GENOVA CAMPIONE DI DISCESA LIBERA

In una specialità, Genova è già oro. Nella discesa libera. Perchè quello che è successo domenica pomeriggio a Genova, con il blocco della Fiamma olimpica e i tedofori costretti a scappare come ladri su un camioncino, è qualcosa di gravissimo. Per il suo valore simbolico e per il suo valore politico: profanare, per qualsiasi motivo, anche il più nobile, la Fiamma di Olimpia è inaudito e vergognoso. E una città che permette senza reagire che questo possa avvenire è una città in discesa libera. Vertiginosa.
Perchè ancor più inaudito e vergognoso è che tutto questo sia scivolato addosso a Genova e alla Liguria come qualcosa di normalissimo. A partire dal comportamento dei mass-media: fra i quotidiani, solo il Giornale (che ha dedicato ieri alla vicenda il secondo titolo della prima pagina nazionale e un’apertura sempre in nazionale) e il Corriere mercantile hanno percepito che stava succedendo qualcosa di grave, da censurare. Repubblica è stata perfetta nelle pagine nazionali e ha minimizzato nell’inserto locale Il lavoro; Il Secolo XIX ha trattato la questione come una simpatica nota di colore, tutta intenta a parlare del «Caimano» Eraldo Pizzo e della sua ultima frazione da tedoforo. Sono scelte, certo. E ci guardiamo bene dal giudicarle, lo lasciamo fare ai nostri lettori.

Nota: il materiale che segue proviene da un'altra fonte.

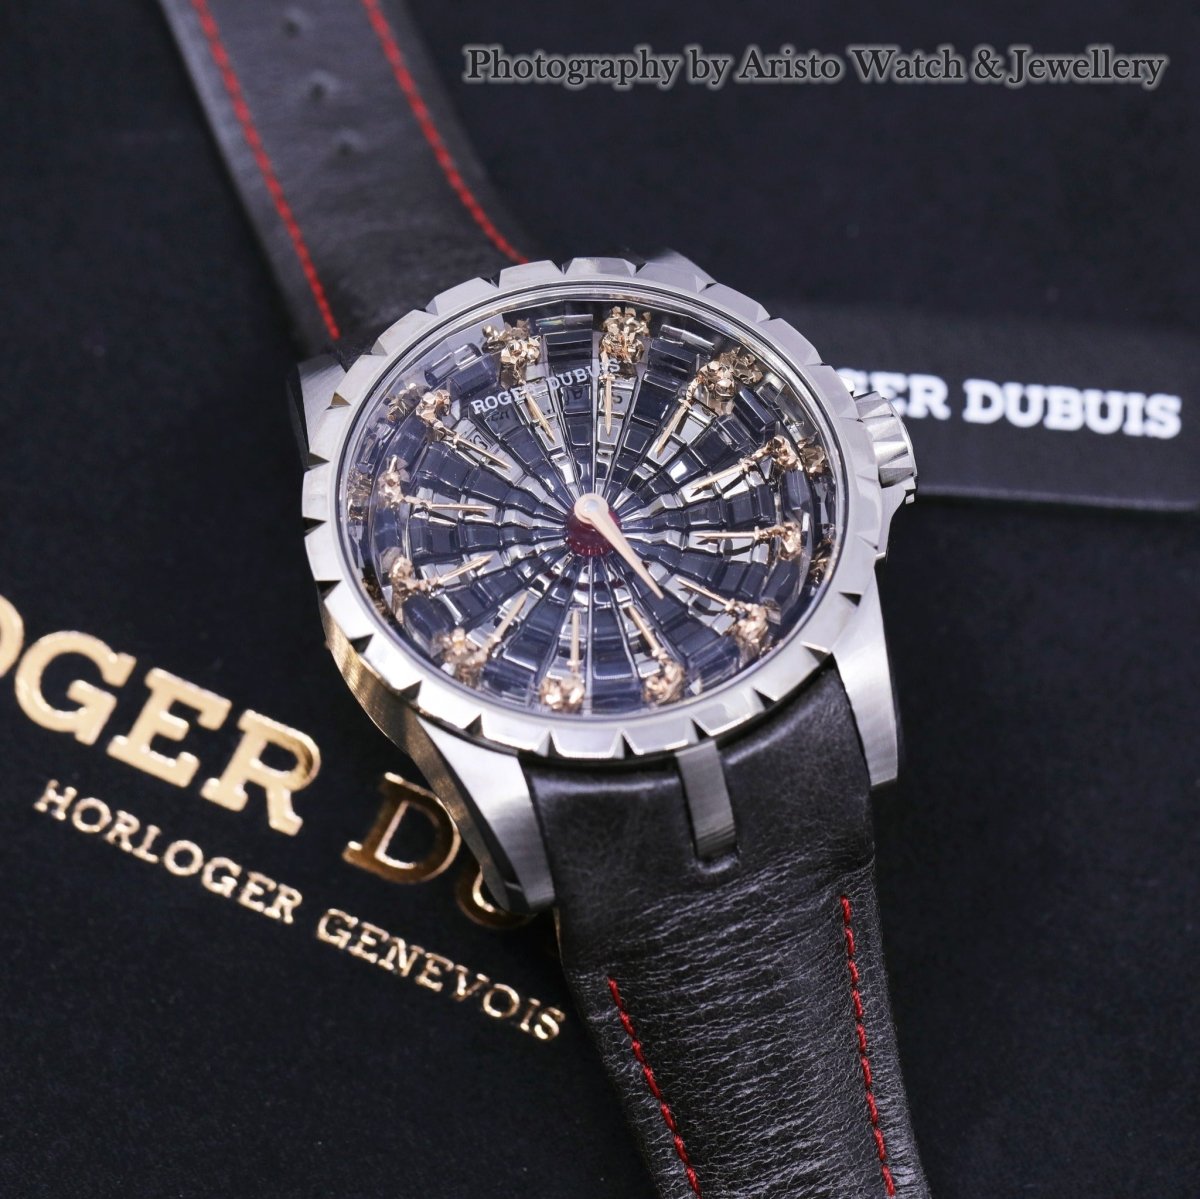 Roger Dubuis DBEX0806 Excalibur- Aristo Watch & Jewellery

Così come è una scelta quella della politica. Ieri, fino a tarda sera, le uniche reazioni a quanto è successo erano quelle dell’ex presidente azzurro della Regione Piemonte (avete letto bene, Piemonte, sic) Enzo Ghigo, del deputato di Alleanza Nazionale Giorgio Bornacin e del capogruppo di An in Regione Liguria Gianni Plinio. Certo, per loro è più facile. La Fiamma, anche senza aggettivi olimpici, ce l’hanno nel Dna, nella storia e nel simbolo. E morderebbero anche Fini se provasse a spegnerla, figuriamoci i no-global.

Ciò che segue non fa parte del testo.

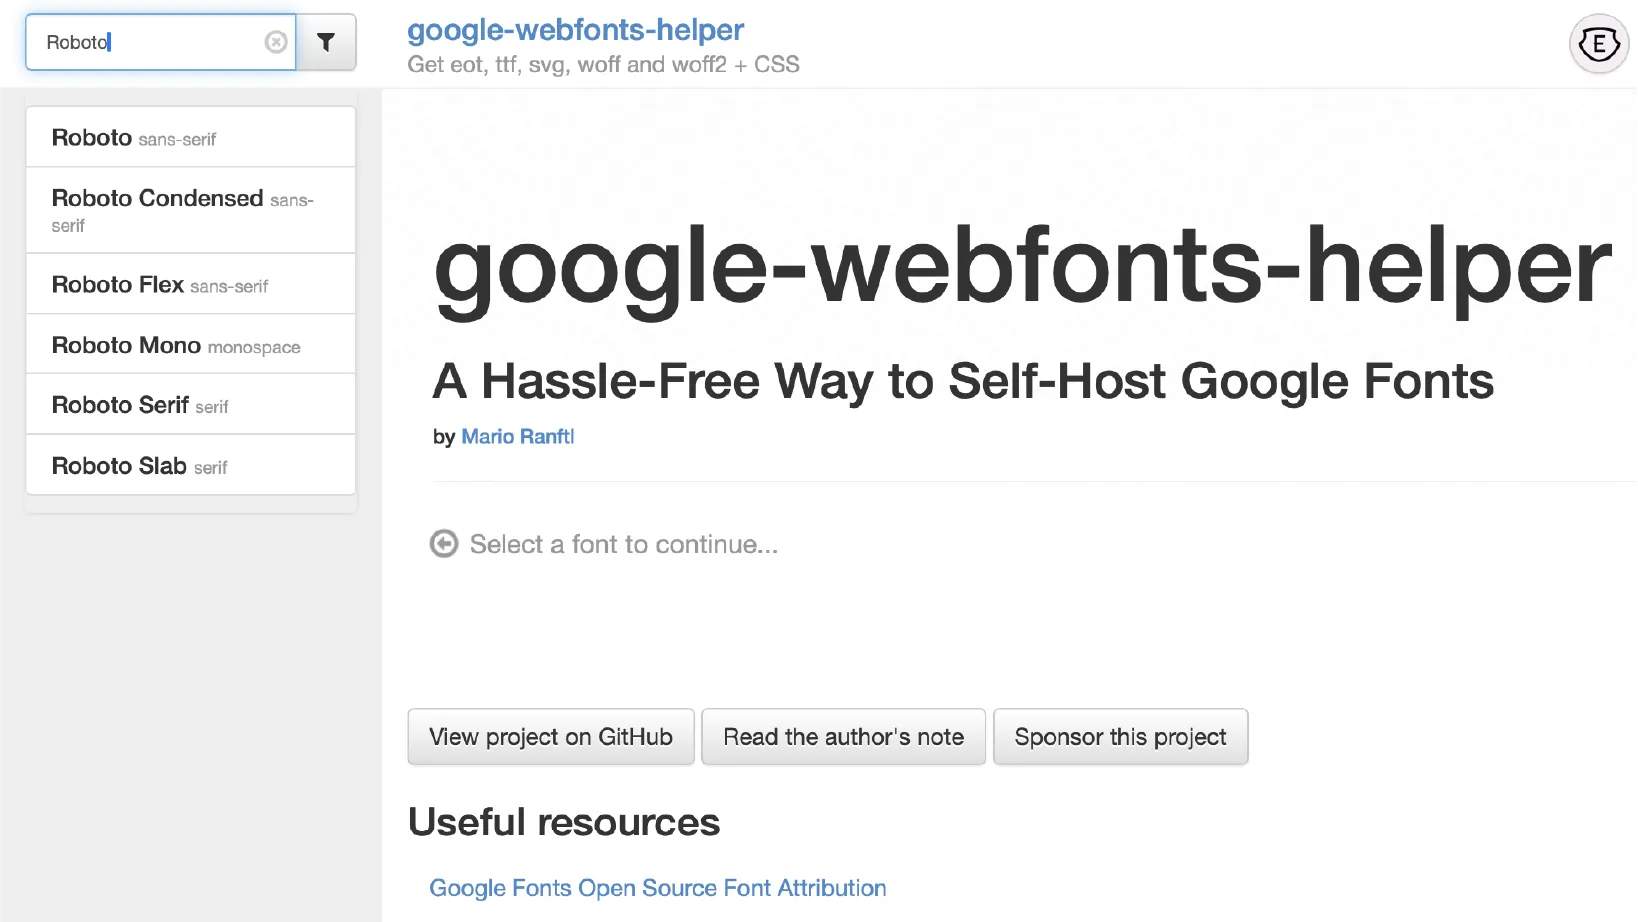 google-webfonts-helper-evoting-media

Gli altri, però, maggioranza e opposizione, tutti zitti. E nessuno delle istituzioni si è sentito in dovere di scusarsi a nome della città e della regione per quello che hanno combinato i no global, alcuni dei quali sono loro grandi elettori.
Poi, piangono perchè Genova è in declino, perchè lo sviluppo della città e della regione è in discesa libera. Forse, più che del Caimano, valeva la pena di parlare dei coccodrilli.